Tuesday, March 26, 2013

Car Rental Policies and Socialism

"Don't worry, you can go at least 50 kilometers on the tank of gas," said Emir, the car rental agent via his friend who had worked at a hotel in Ankara and was acting as Emir's translator.

I didn't pay much attention to the "50 km" because I figured there was some mistake in the translation. Knowing I would have to buy gas anyway, I just made a mental note to buy gas sooner rather than later. I continued my walk-around to point out all the dents and scratches: a glued-together, cracked front bumper, a oddly located dent above the rear passenger door, scrapes, nicks, and cracks on the rear bumper.

"Looks fine," I said.

"You can return it on empty," said the car rental agent as I stepped into the driver's seat.

"Well, that's nice," I thought to myself. But I knew I would never be able to drive a car on empty. I'm the type of person who can barely let a car get below half-full before I start rerouting my errands to include a gas station. I'm the wife who can't pick up her husband who has run out of gas without launching into a huge, preachy lecture. I'm the mom who reminds all her daughters for their safety, they should never let the tank go below half full.

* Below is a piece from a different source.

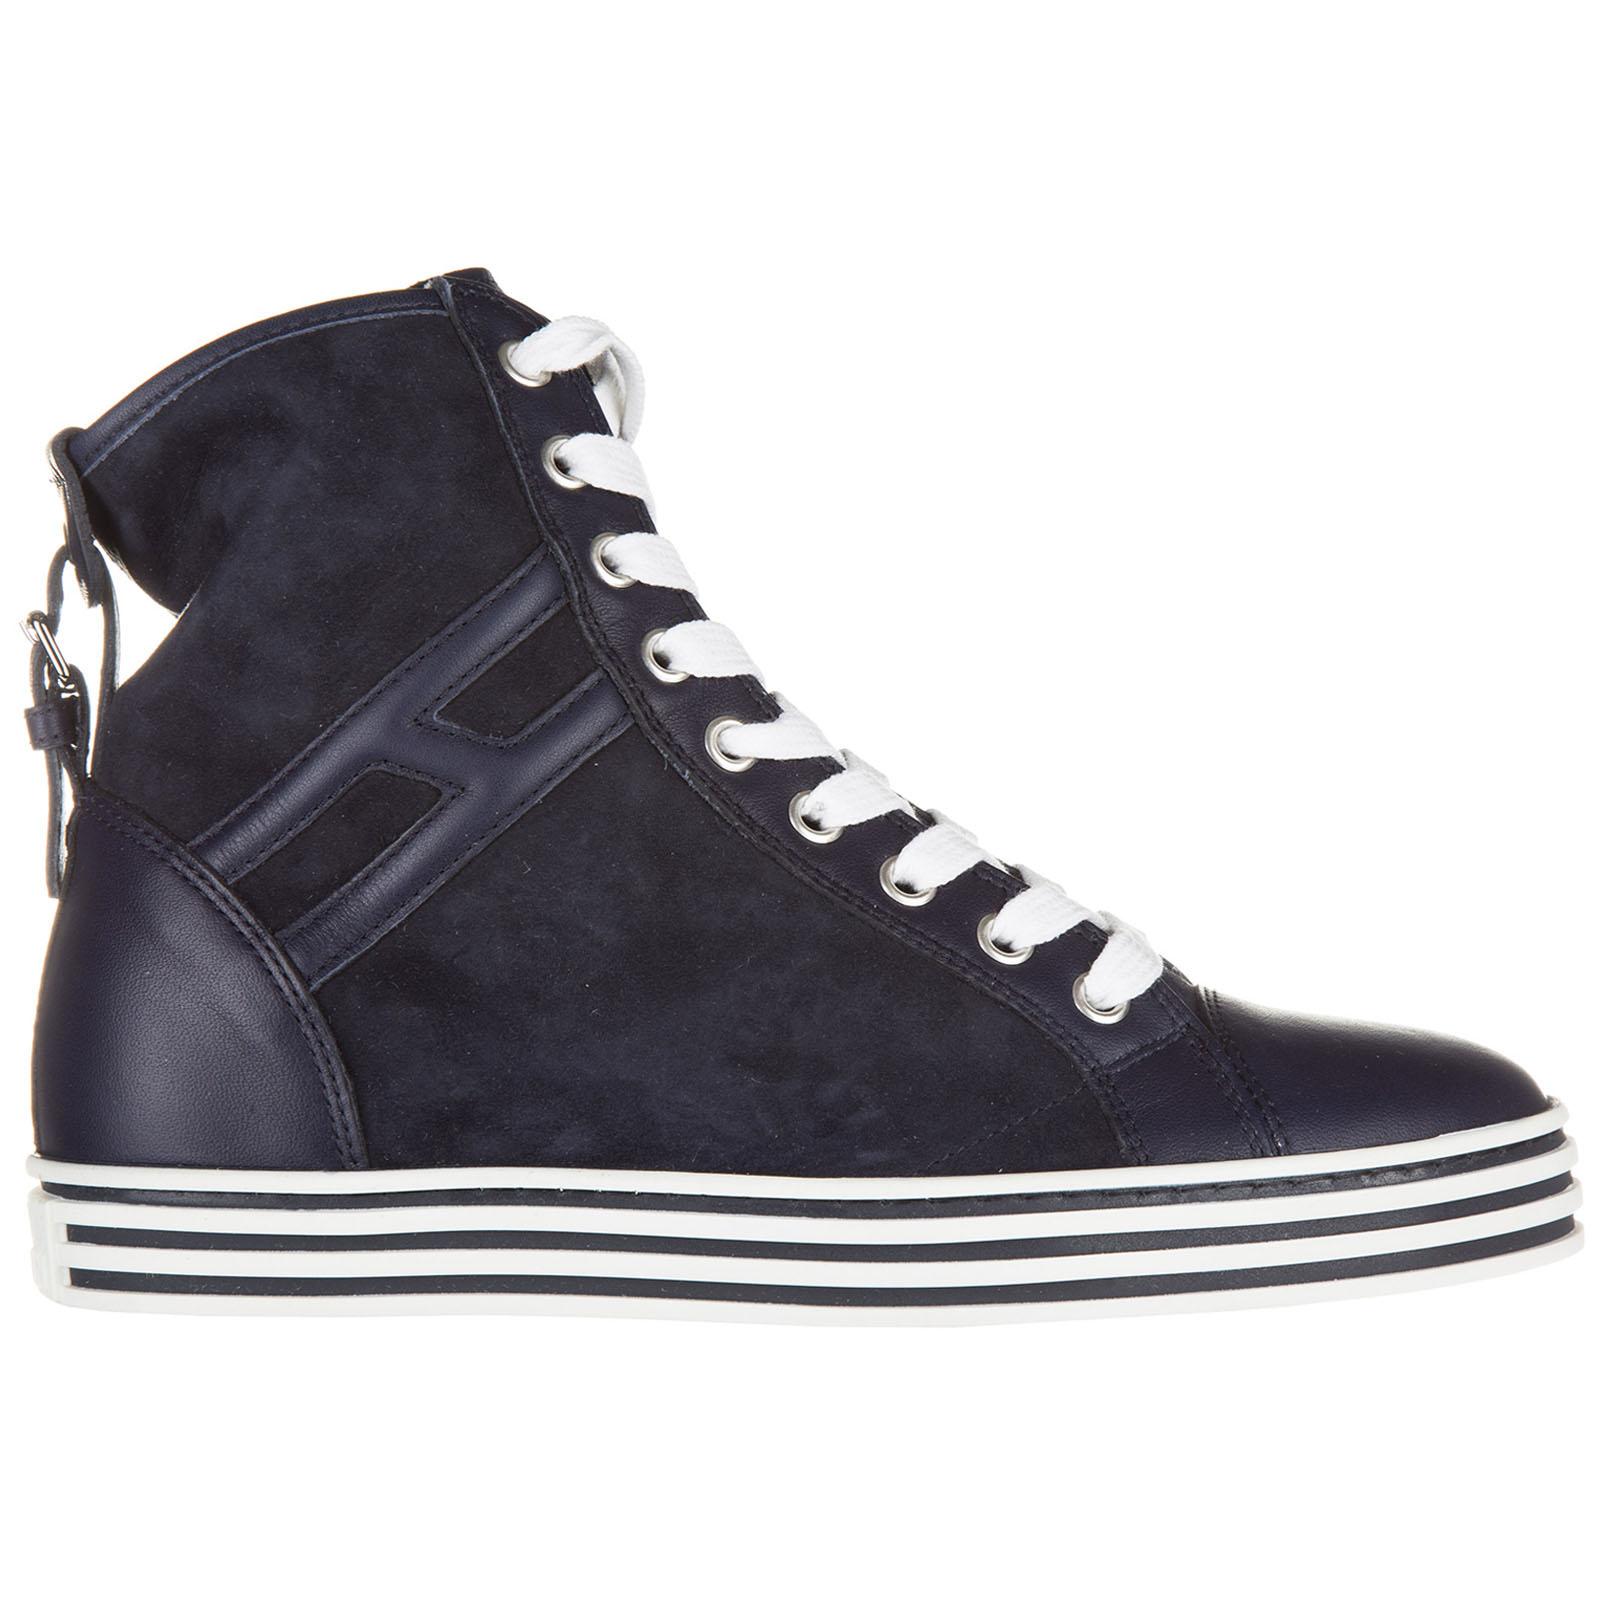 Scarpe sneakers alte donna in camoscio rebel r182 polacco con fibbia

I smiled, waved through the window, put the car in gear, and eased myself into traffic with an audience of four Turkish men watching my every move. I was so happy I didn't kill the engine. After a few more minutes of adjusting to the traffic and making myself comfortable- turning off the Turkish music, squirting and wiping the windows, adjusting the rear view mirror - I glanced down at the gas gauge. Empty...Below the red line... Gas can illuminated... No wonder he offered the "you can return it on empty!"... S@#$!

I was in an unfamiliar part of town. I wondered if I should drive the 20 km to the gas station I knew. Should I hope to find a closer one? Should I pull a u-turn and return the car before I had to walk down the freeway? Would I make it to the airport in time? Seriously, I couldn't believe there was anything close to 50 km of gas left in that tank.

I did eventually find a gas station. And, thank goodness, I didn't have to walk. But I don't like this Turkish car rental culture of leaving the car with some or very little gas. I didn't like it when several agencies said to return car half-full. I didn't like it when I was told I could leave it really empty. These are not accurate measures. They do not measure my usage of the car. They do not measure the previous or the next renters usage of the car. I want to pay for what I use and I want everyone else to pay for what they use. Starting a rental contract with a tank of gas that is anywhere less than full is socialism. And today's rental car owner got a nice gift of a 1/4 tank of gas. At $10/gallon that's no too shabby for absolutely no work.